The frameworks of hypergraph computation under cost-sensitive scenarios

(1) Cost-Sensitive Hypergraph Computation

In this part, we introduce a cost-sensitive hypergraph computation method [4], and Fig. 5.10 shows the framework of this method. This framework consists of two stages to handle the cost-sensitive issue: F-measure is used in the initial step to calculate candidate cost information for cost-sensitive learning, and then the hypergraph structure is utilized to model the high-order correlations among the data in the second stage.

Fig. 5.10
A framework. The cost information uses F-measure optimization on hypergraphs, leading to cost-sensitive hypergraph learning via cost-value graphs, and results in total cost optimization.

The framework of cost-sensitive hypergraph computation framework. This figure is from [4]

First, we introduce the hypergraph modeling with cost matrix. In traditional hypergraph modeling, each vertex represents a subject, and the hyperedges connect related vertices. To introduce cost information in hypergraph modeling, a cost matrix is associated with each vertex, indicating different costs for mis-classification, as shown in Fig. 5.11 for a binary classification task. The definition of cost matrix is as follows.

Fig. 5.11
A hypergraph of order 8 and size 5. Vertices v 2 and v 6 are connected by two cost matrices of 2 by 2, respectively. The matrices consist of four cells with the text C subscript T P, C subscript P N, C subscript F P, C subscript F N.

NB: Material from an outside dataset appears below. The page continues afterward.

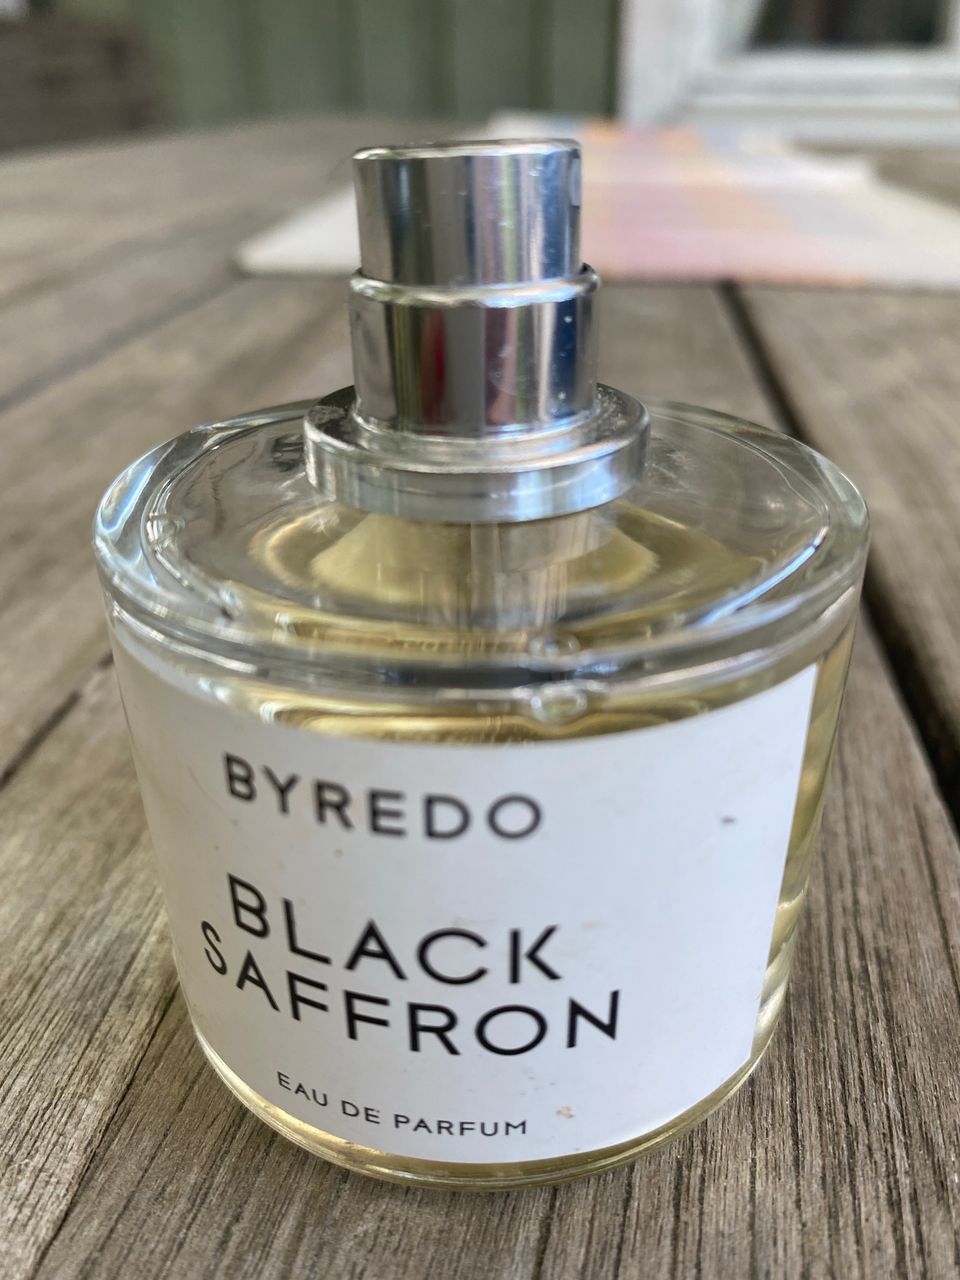 Byredo black saffron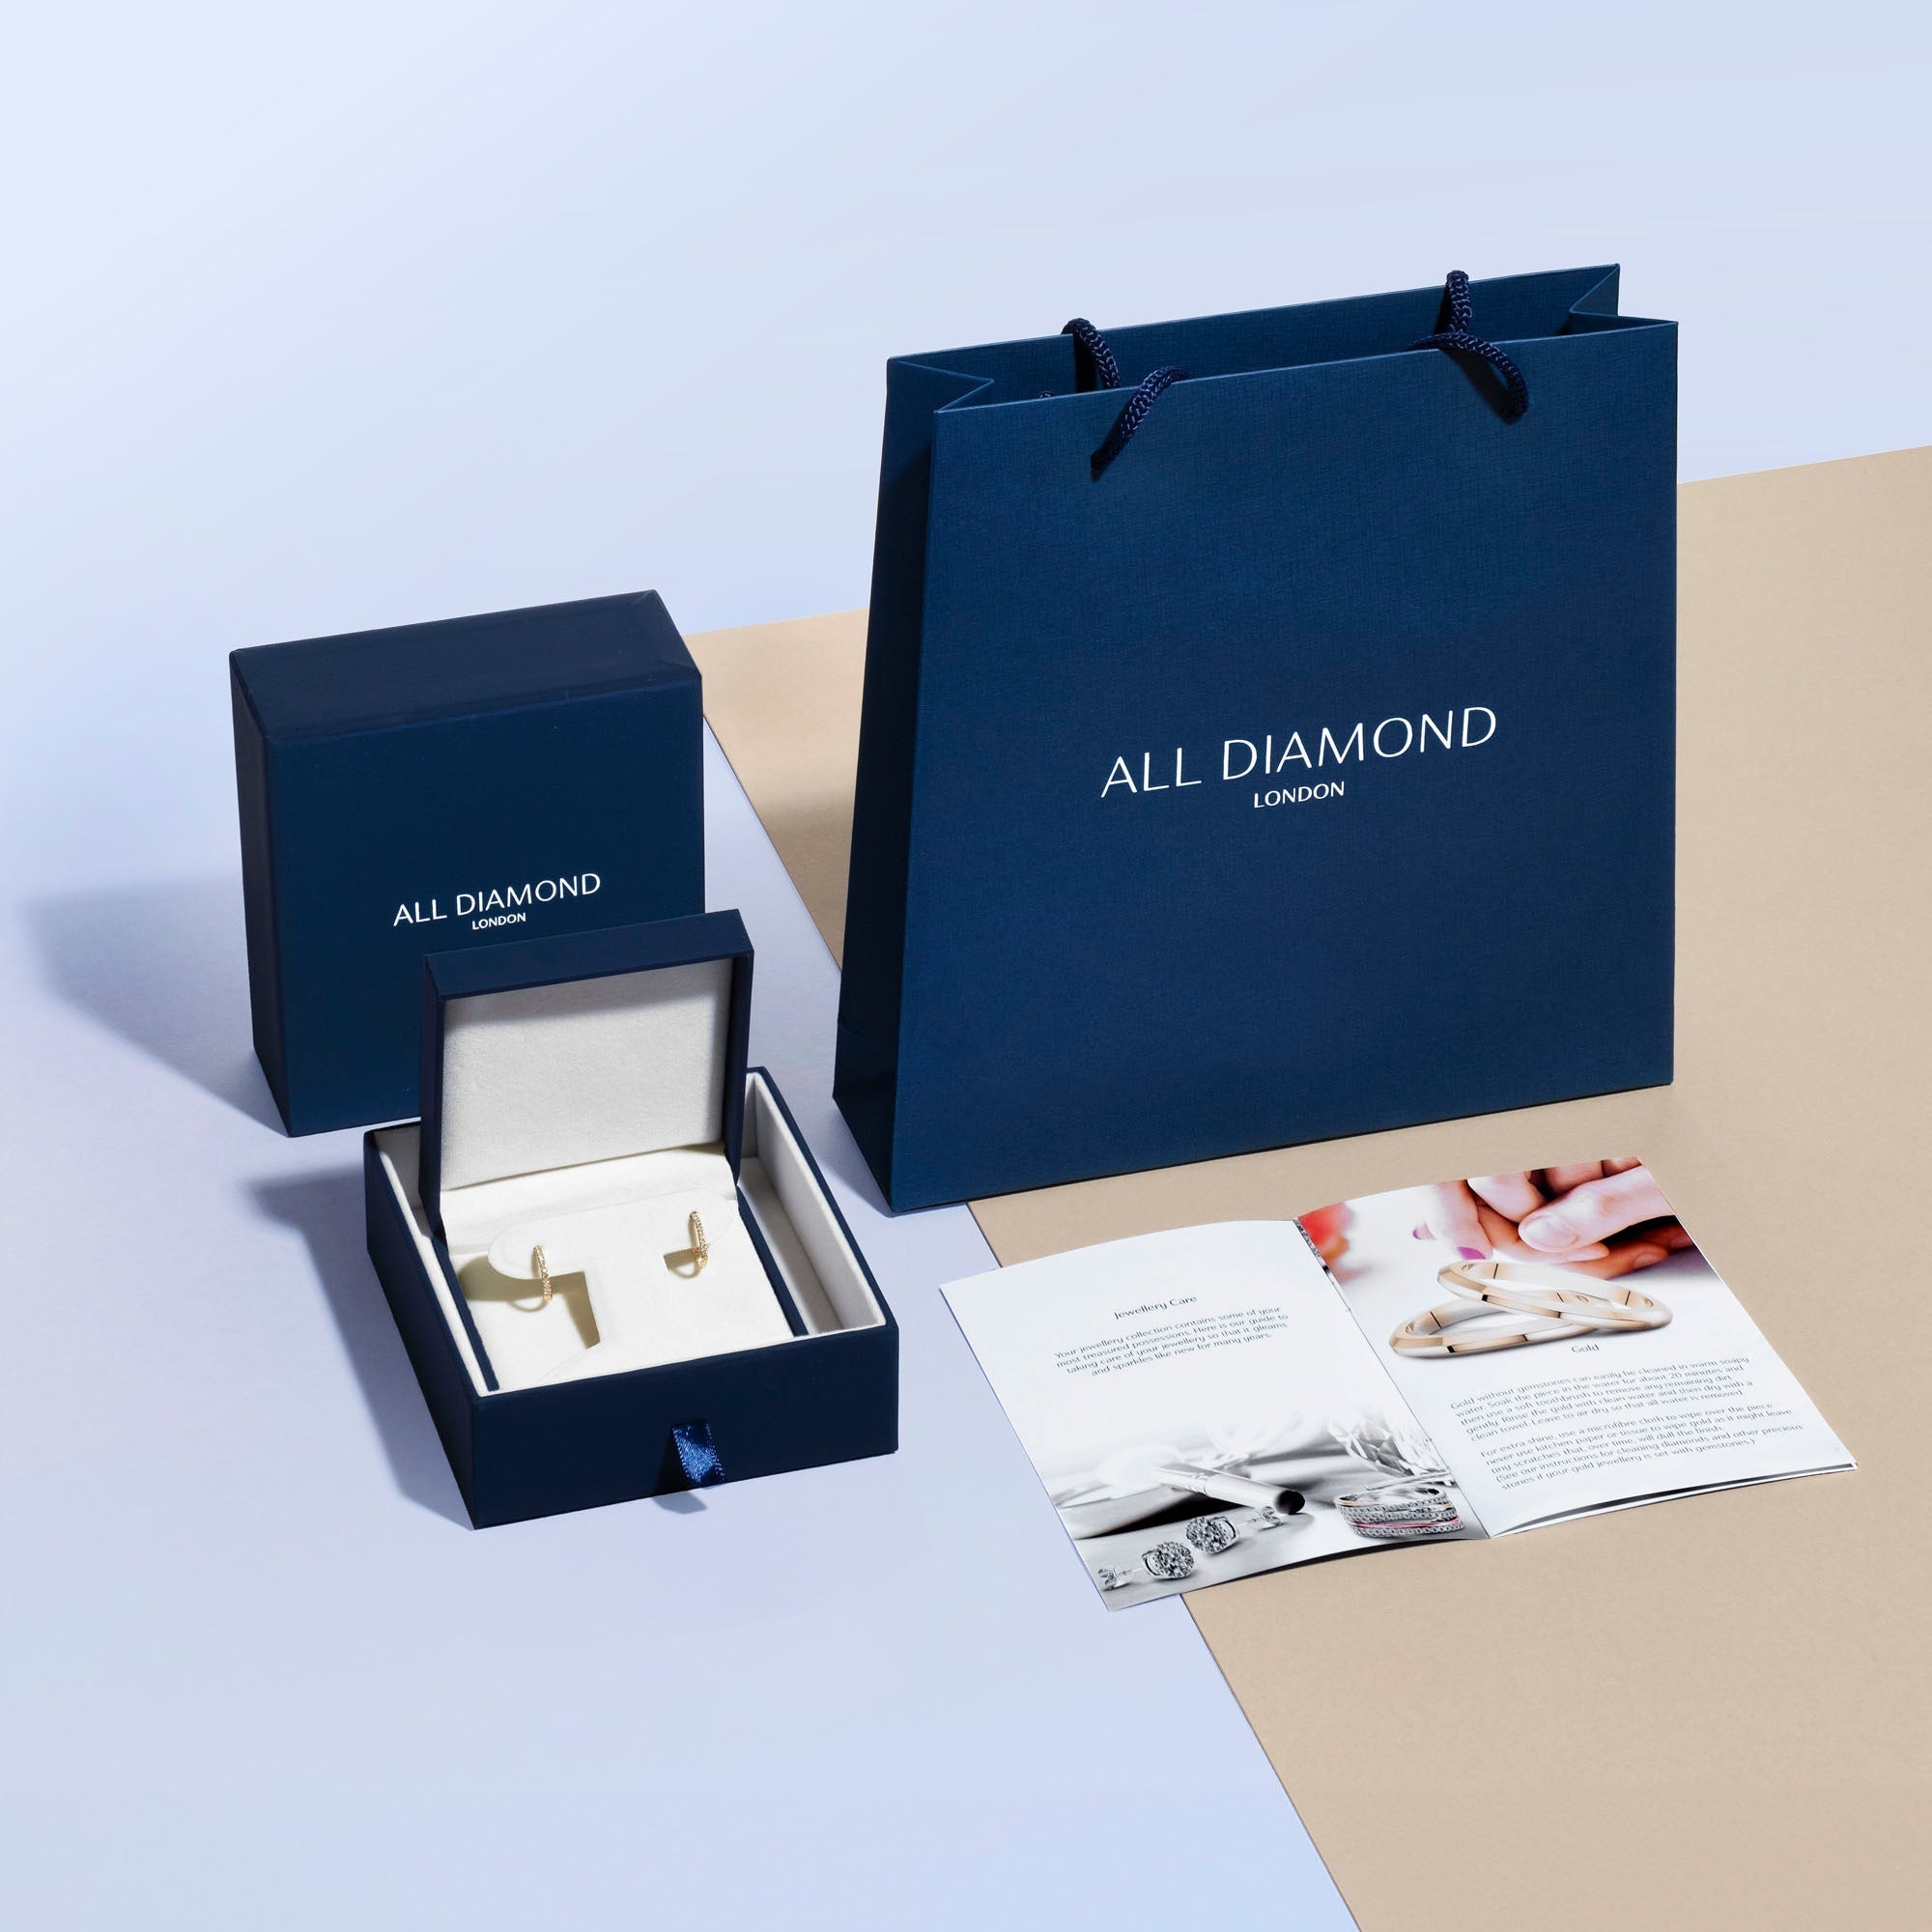 Halo Diamond Earrings 0.65ct Set in 18k White Gold 4.5mm - All Diamond

An illustration of hypergraph modeling with cost matrix

As shown in Fig. 5.11, the cost matrix is a 2 × 2 matrix, including the true positive cost C TP, the true negative cost C TN, the false positive cost C FP, and the false negative cost C FN, respectively. The true positive cost and the true negative cost are mostly 0 in the matrix since that denotes the correct prediction. The cost-sensitive hypergraph’s propensity for each class is achieved by giving various values to the false positive cost and the false negative cost in the cost matrix. A special case is that, if the false positive cost and the false negative cost are equal, then the cost-sensitive hypergraph reduces to traditional hypergraph modeling.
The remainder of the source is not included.